= Cytoarchitecture =

Microscopic study of the anatomy of human nervous tissue

The human cerebral cortex divided into Brodmann areas on the basis of cytoarchitecture.

Cytoarchitecture (from Greek κύτος 'cell' and ἀρχιτεκτονική 'architecture'), also known as cytoarchitectonics, is the study of the cellular composition of the central nervous system's tissues under the microscope. Cytoarchitectonics is one of the ways to parse the brain, by obtaining sections of the brain using a microtome and staining them with chemical agents which reveal where different neurons are located.

The study of the parcellation of nerve fibers (primarily axons) into layers forms the subject of myeloarchitectonics (from Greek μυελός 'marrow' and ἀρχιτεκτονική 'architecture'), an approach complementary to cytoarchitectonics.

== History of the cerebral cytoarchitecture ==
Defining cerebral cytoarchitecture began with the advent of histology—the science of slicing and staining brain slices for examination. It is credited to the Viennese psychiatrist Theodor Meynert (1833–1892), who in 1867 noticed regional variations in the histological structure of different parts of the gray matter in the cerebral hemispheres.

Paul Flechsig was the first to present the cytoarchitecture of the human brain into 40 areas. Alfred Walter Campbell then divided it into 14 areas.

Sir Grafton Elliot Smith (1871–1937), a New South Wales native working in Cairo, identified 50 areas. Korbinian Brodmann worked on the brains of diverse mammalian species and developed a division of the cerebral cortex into 52 discrete areas (of which 44 in the human, and the remaining 8 in the non-human primate brain). Brodmann used numbers to categorize the different architectural areas, now referred to as a Brodmann Area, and he believed that each of these regions served a unique functional purpose.

Constantin von Economo and Georg N. Koskinas, two neurologists in Vienna, produced a landmark work in brain research by defining 107 cortical areas on the basis of cytoarchitectonic criteria. They used letters to categorize the architecture, e.g., "F" for areas of the frontal lobe.

== The Nissl staining technique ==
The Nissl staining technique (named for Franz Nissl the neuroscientist and histologist who originated the technique) is commonly used for determining the cytoarchitectonics of neuroanatomical structures, using common agents such as thionine, cresyl violet, or neutral red. These dyes intensely stain "Nissl bodies" (rough endoplasmic reticulum), which are abundant in neurons and reveal specific patterns of cytoarchitecture in the brain. Other common staining techniques used by histologists in other tissues (such as the hematoxylin and eosin or "H&E stain") leave brain tissue appearing largely homogeneous and do not reveal the level of organization apparent in a Nissl stain. Nissl staining reveals details ranging from the macroscopic, such as the laminar pattern of the cerebral cortex or the interlocking nuclear patterns of the diencephalon and brainstem, to the microscopic, such as the distinctions between individual neurons and glia in any subregion of the central nervous system.

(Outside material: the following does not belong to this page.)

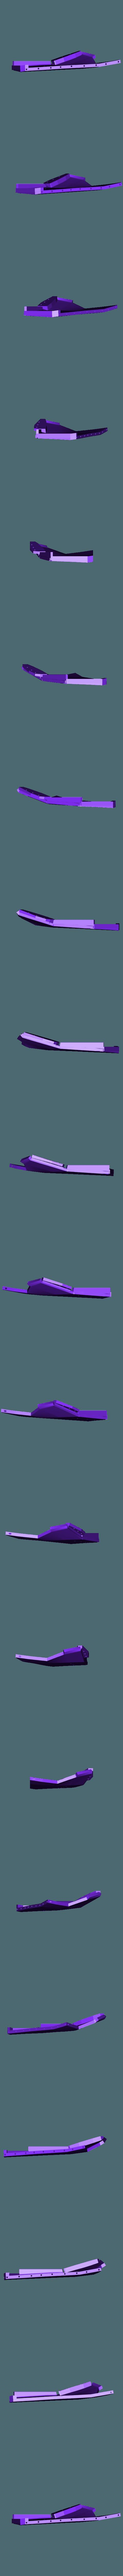 Right side 1.stl Download STL file Iron Man Mark 42  • 3D printing object, SKUPERDIY

Many other neuroanatomic and cytoarchitectonic techniques are available to supplement Nissl cytoarchitectonics, including immunohistochemistry and in situ hybridization, which allow one to label any gene or protein expressed in any group of cells in the brain. However, Nissl cytoarchitecture remains a reliable, inexpensive, and familiar starting or reference point for neuroscientists wishing to examine or communicate their findings in a widely recognized anatomical framework and/or in reference to neuroanatomical atlases which use the same technique.